Task to carry out: Please give back the lines from the line containing "The fennel flowerhead" through the end of the listing below, exactly as written and without pictures.

Supplied data:
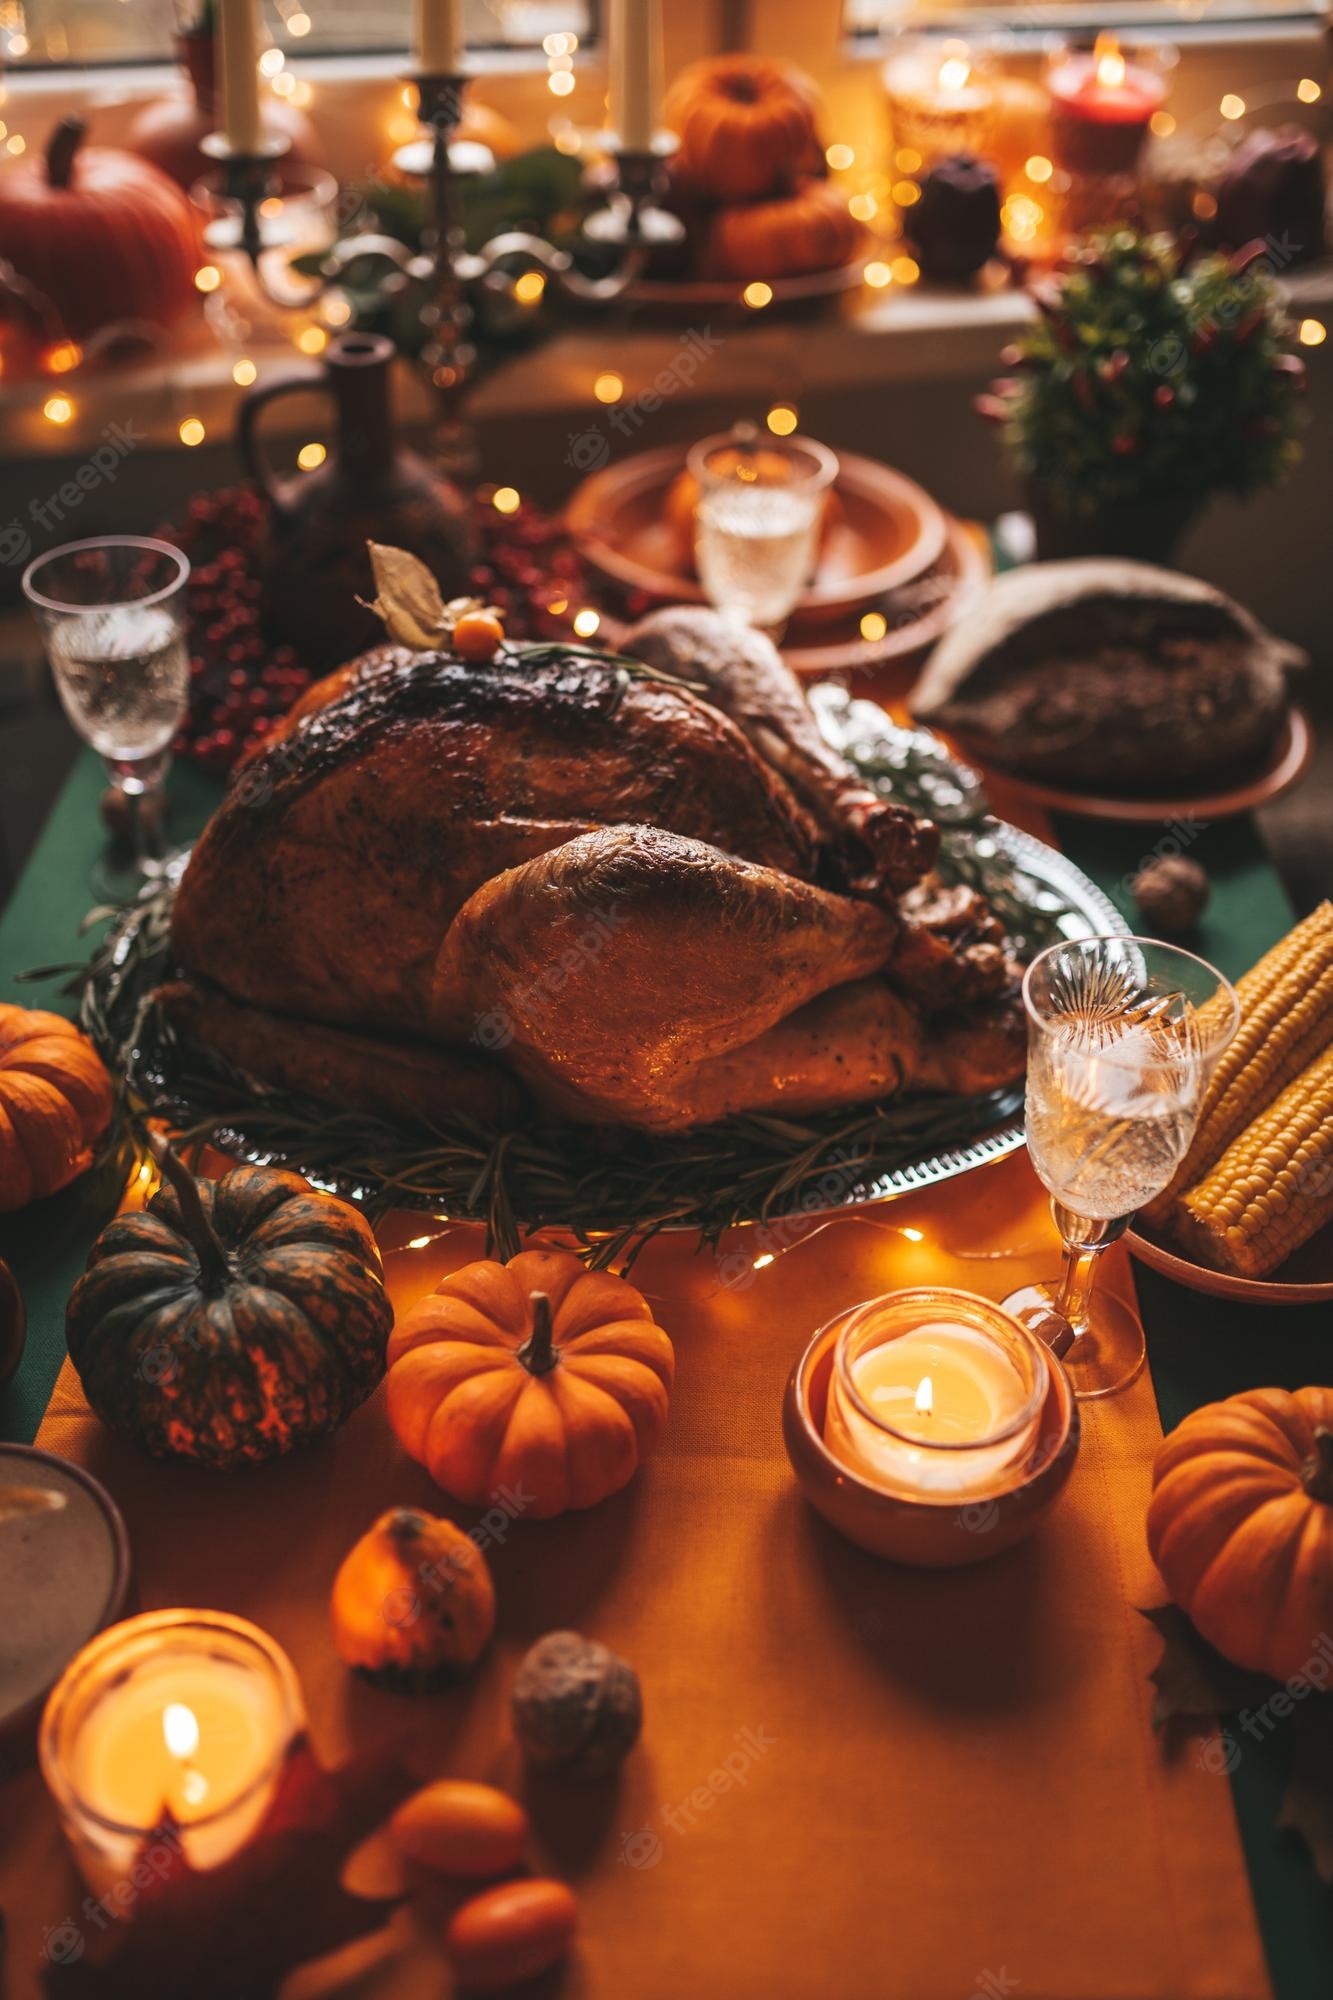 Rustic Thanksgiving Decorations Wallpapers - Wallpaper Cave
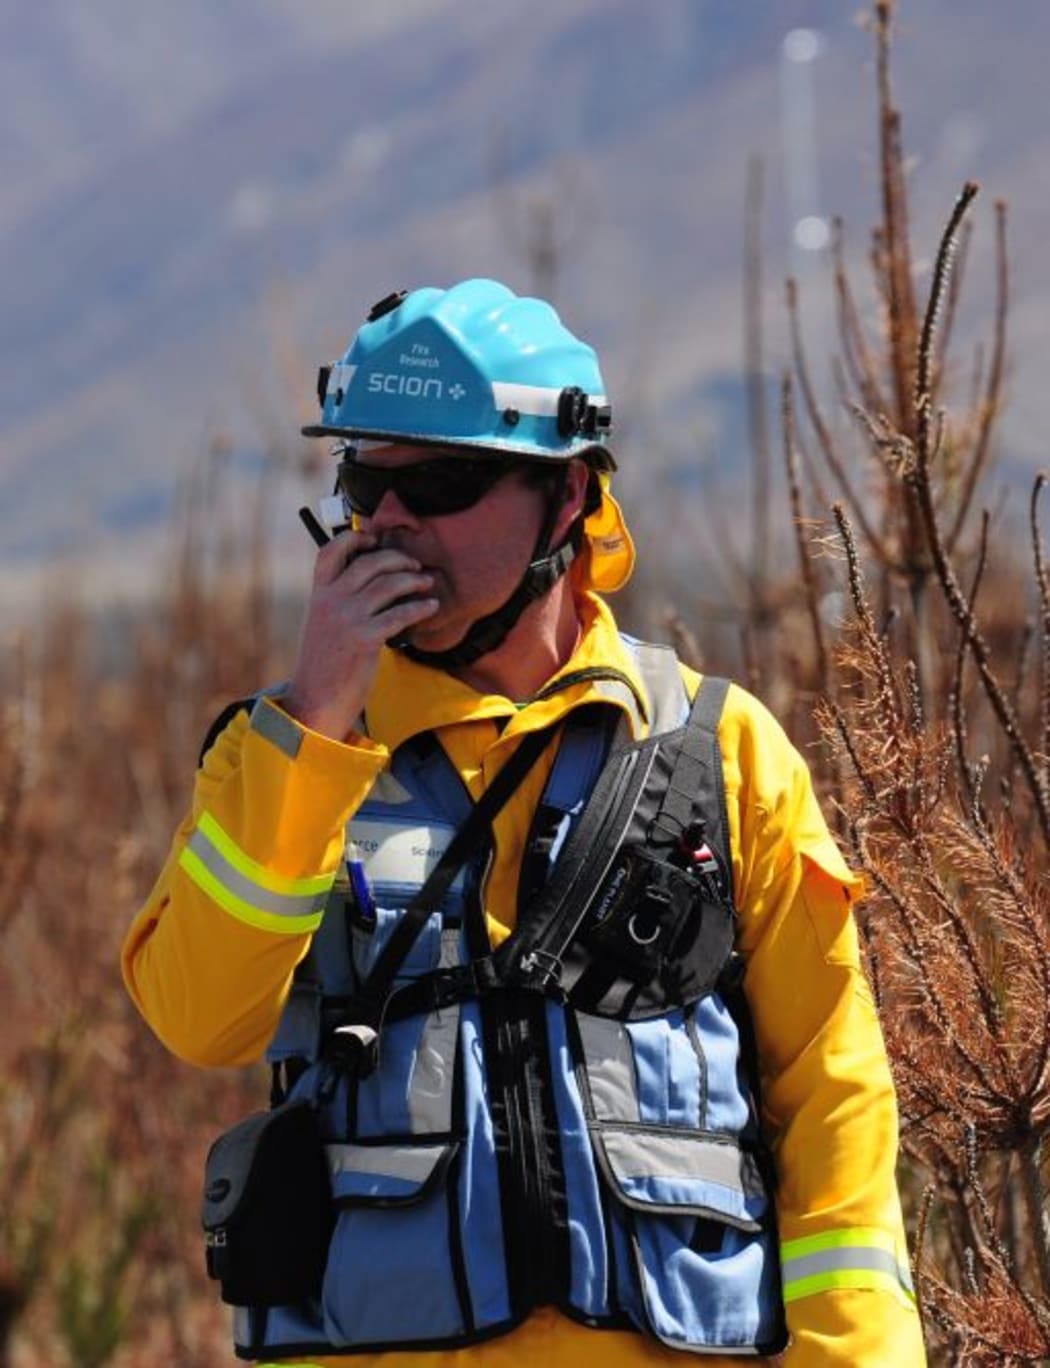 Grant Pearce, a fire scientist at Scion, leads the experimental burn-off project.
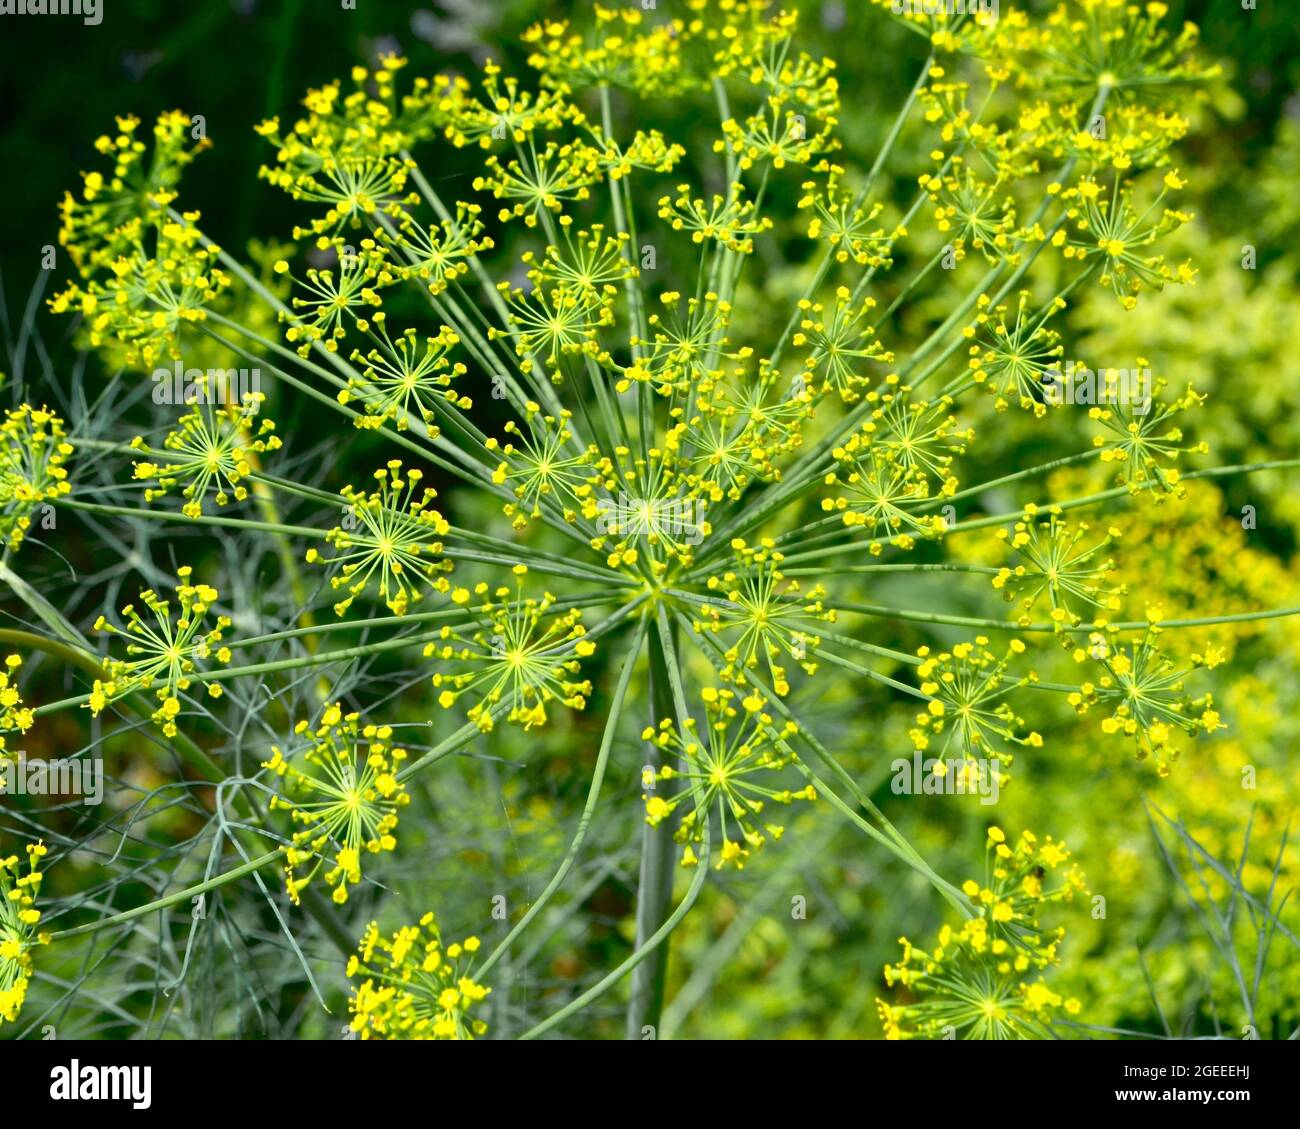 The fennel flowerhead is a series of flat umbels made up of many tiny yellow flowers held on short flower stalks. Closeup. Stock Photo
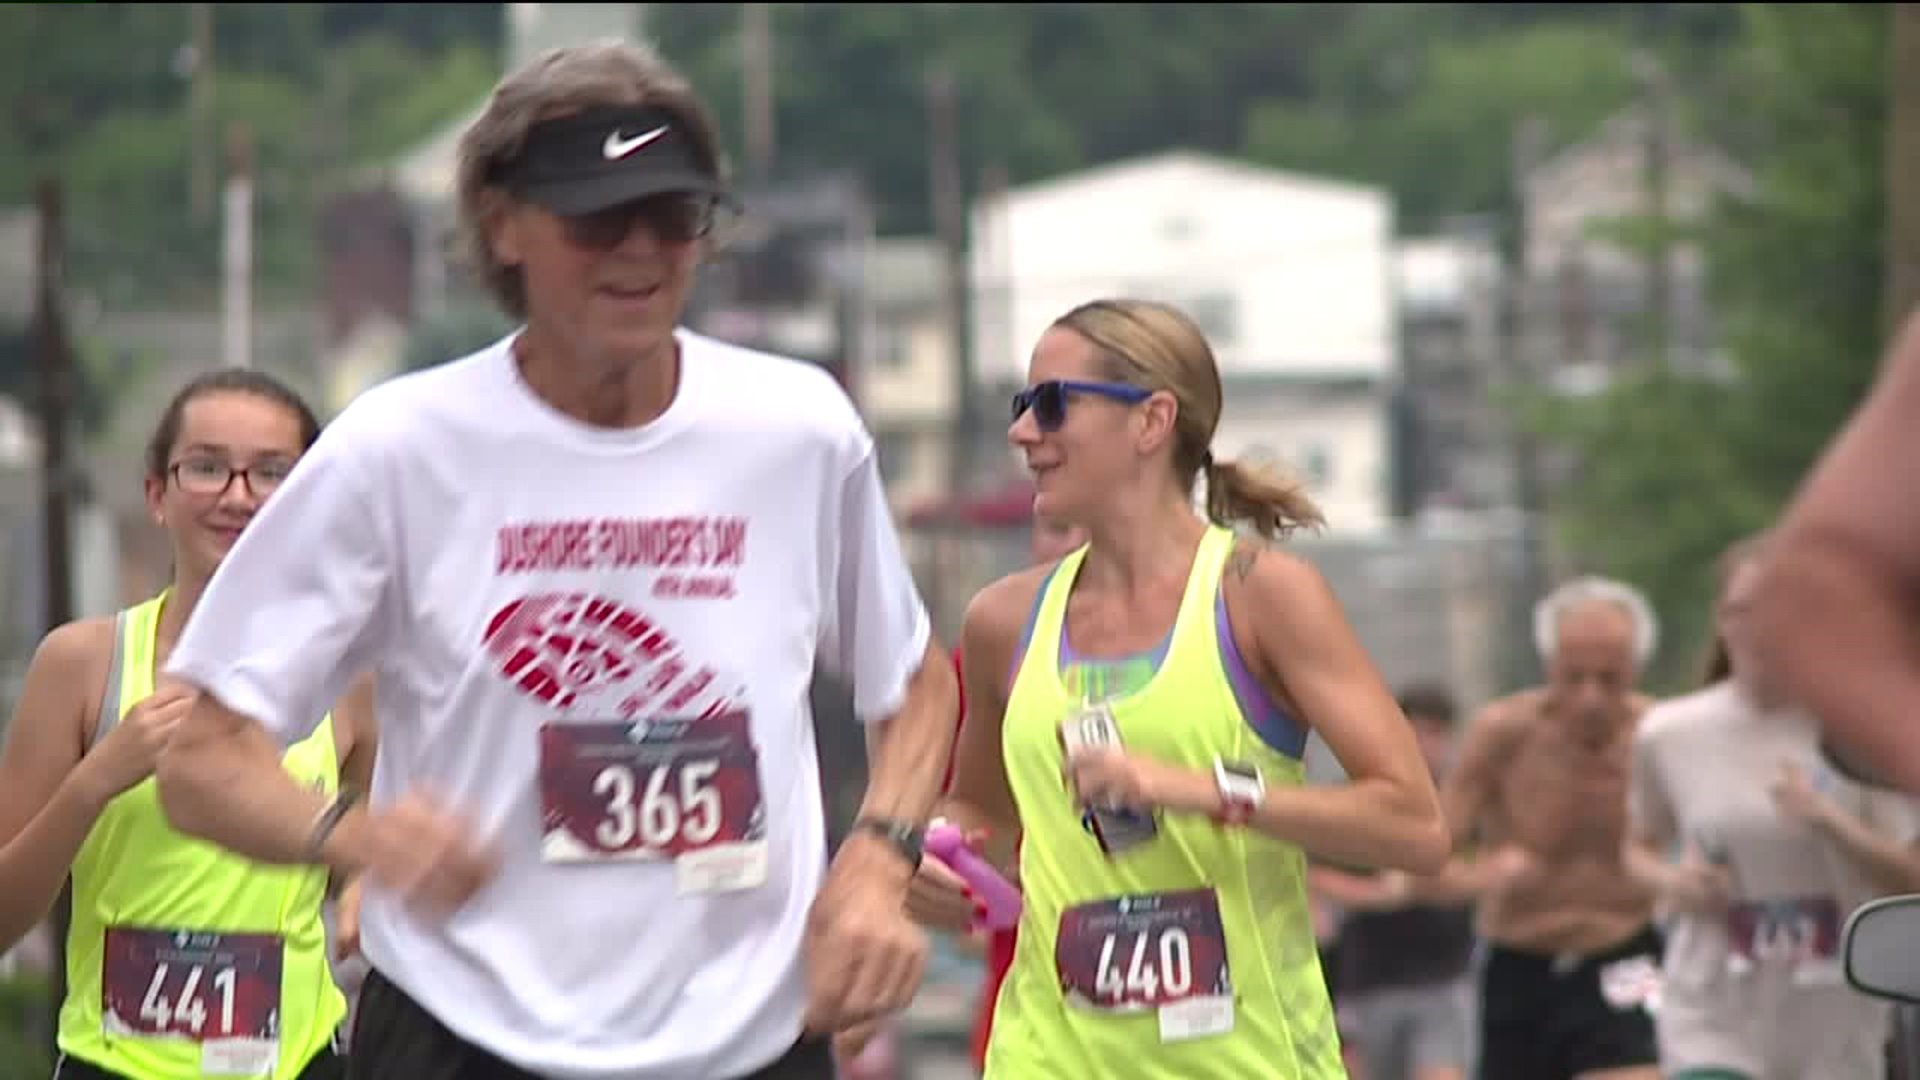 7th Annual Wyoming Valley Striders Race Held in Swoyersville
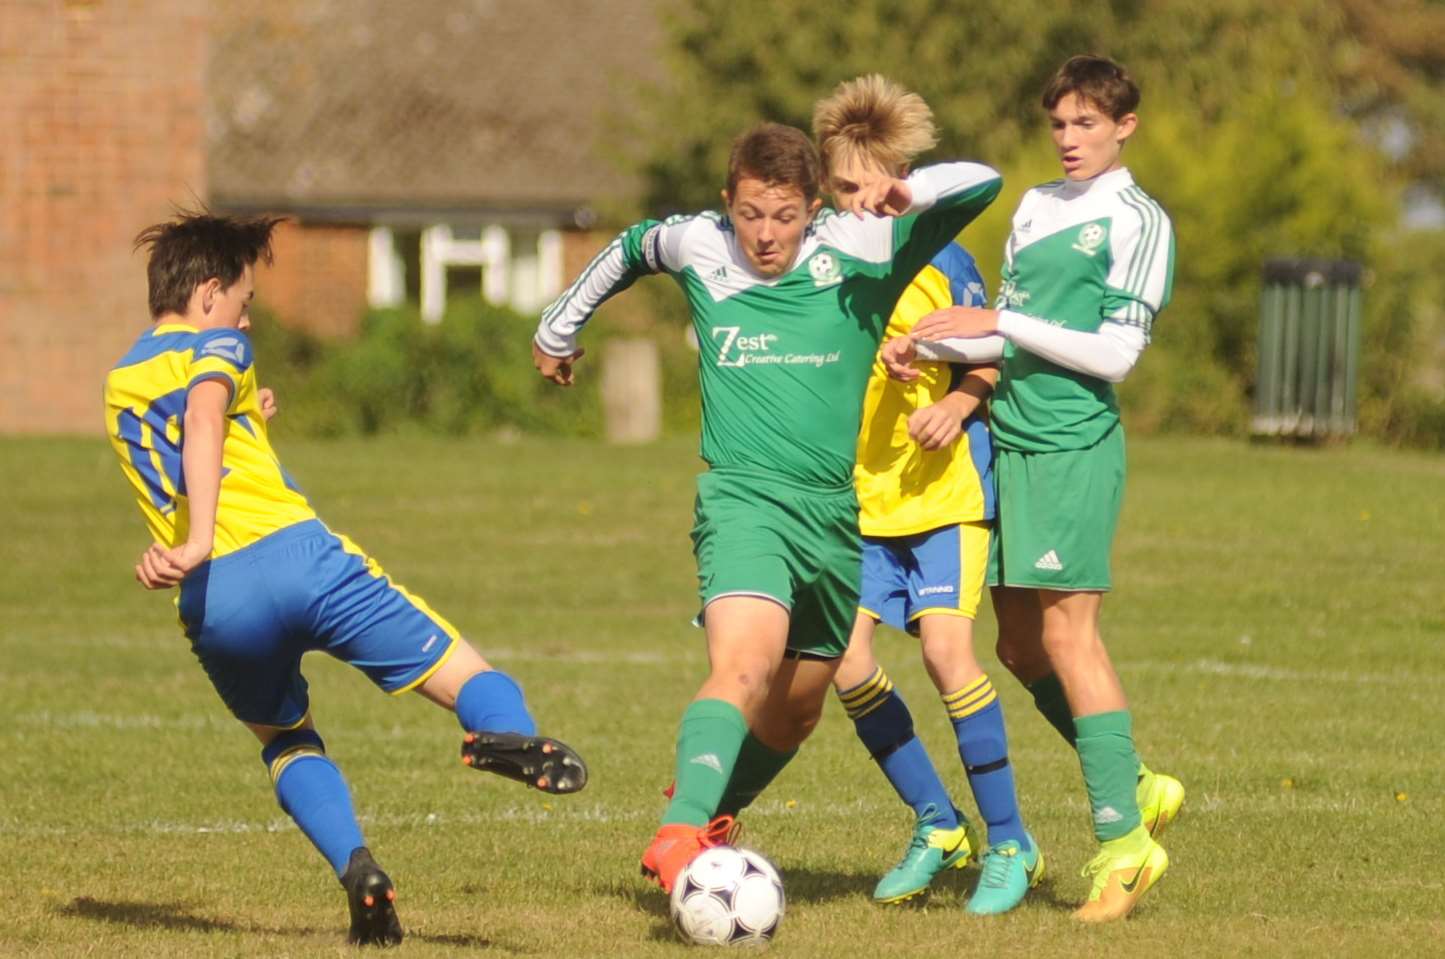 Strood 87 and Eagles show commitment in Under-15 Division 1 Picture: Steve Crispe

Response:
 The fennel flowerhead is a series of flat umbels made up of many tiny yellow flowers held on short flower stalks. Closeup. Stock Photo
 7th Annual Wyoming Valley Striders Race Held in Swoyersville
 Strood 87 and Eagles show commitment in Under-15 Division 1 Picture: Steve Crispe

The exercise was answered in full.